Vyapari Vyavasayi Ekopana Samithi moves court

The City Corporation will not withdraw its decision to carry out a drive against plastic carry bags, senior officials of the civic body say.

The Kerala Vyapari Vyavasayi Ekopana Samithi had moved the court against the civic body’s drive. The drive launched by the Corporation targeted plastic materials of all thickness and not just that below 40 microns, as prescribed by law.

“We need to examine the legal aspect of this issue again and we would resort to other means of protest against the use of plastic carry bags, if not to picket stores. But our efforts over the past months have paid off, for most of the up-market stores have completely switched to cloth bags,” said health standing committee chairperson S. Pushpalatha.

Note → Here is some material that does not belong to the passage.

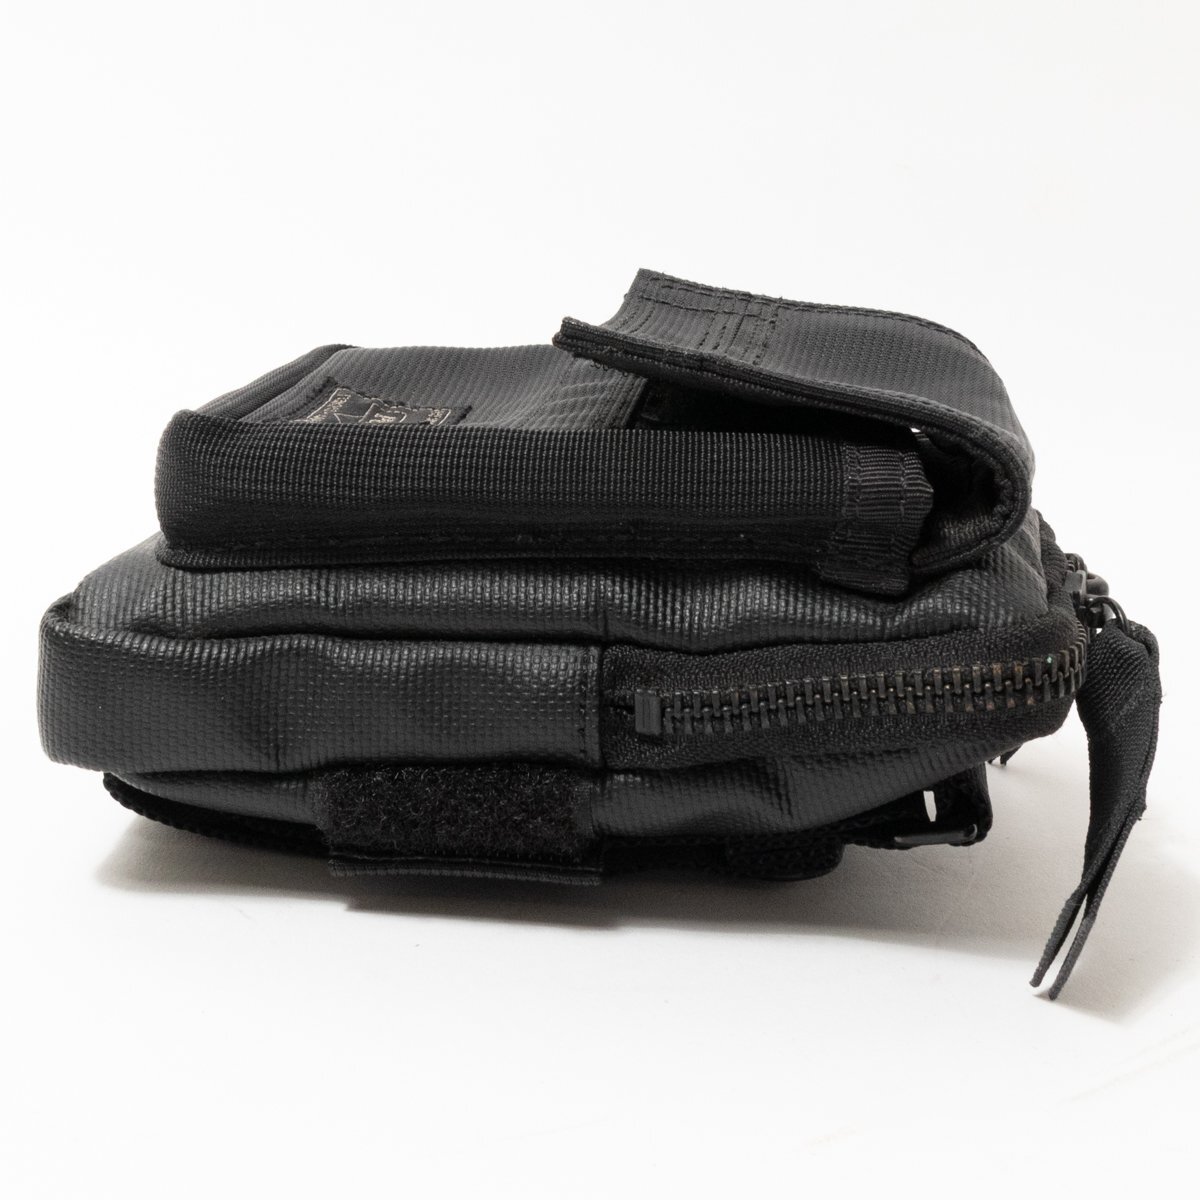 [1 иен старт ]PORTER Porter Yoshida bag сделано в Японии PRISMp ритм сумка поясная сумка нейлон черный чёрный милитари вкус

At Spencers, store-owners pasted posters outside the shop requesting customers to start bringing their own bags for the shop planned to stop its use of plastic carry bags at the start of this year. According to Shibu Kumar, manager, the store received a regular supply of cloth bags from New Delhi. Over 5 tonnes had been stocked at their head office, he said.

“Also, people are much more aware now and even before the Corporation began this initiative, many were already using such alternatives,” he said.

Moreover, at markets such as Palayam too, change was evident. Gowriamma, a vegetable vendor here, said though she charged Rs.3 or 5 extra for cloth bags, most were willing to pay and others who did initially grumble made it a point to bring large carry bags from home.

“I buy it from a store here for Rs.180 a kilo, and I cannot afford to give it free of cost,” she said.

“We need to ensure that smaller stores and vendors in the city are able to procure cloth bags,” Ms. Pushpalatha said.

So far, training has been given to around 10 Kudumbasree workers and they had started manufacturing the bags.

Ms. Pushpalatha also spoke of the issue of small store owners acquiring those bags being brought from across the border.

“At places such as Tirunelveli and Thanjavur, there is a whole mechanised system in place and they bring plastic blend bags (the material used includes plastic and cloth) in bulk, which is sold here at much lower rates that what the Kudumbashree units charge. There needs to be an all-party meeting to decide what to do with this influx.

We intend to establish a network of Kudumbashree tailoring units. We do not want a repeat of what happened to the Cleanwell workers after the Vilappilsala waste treatment plant was shut,” she said.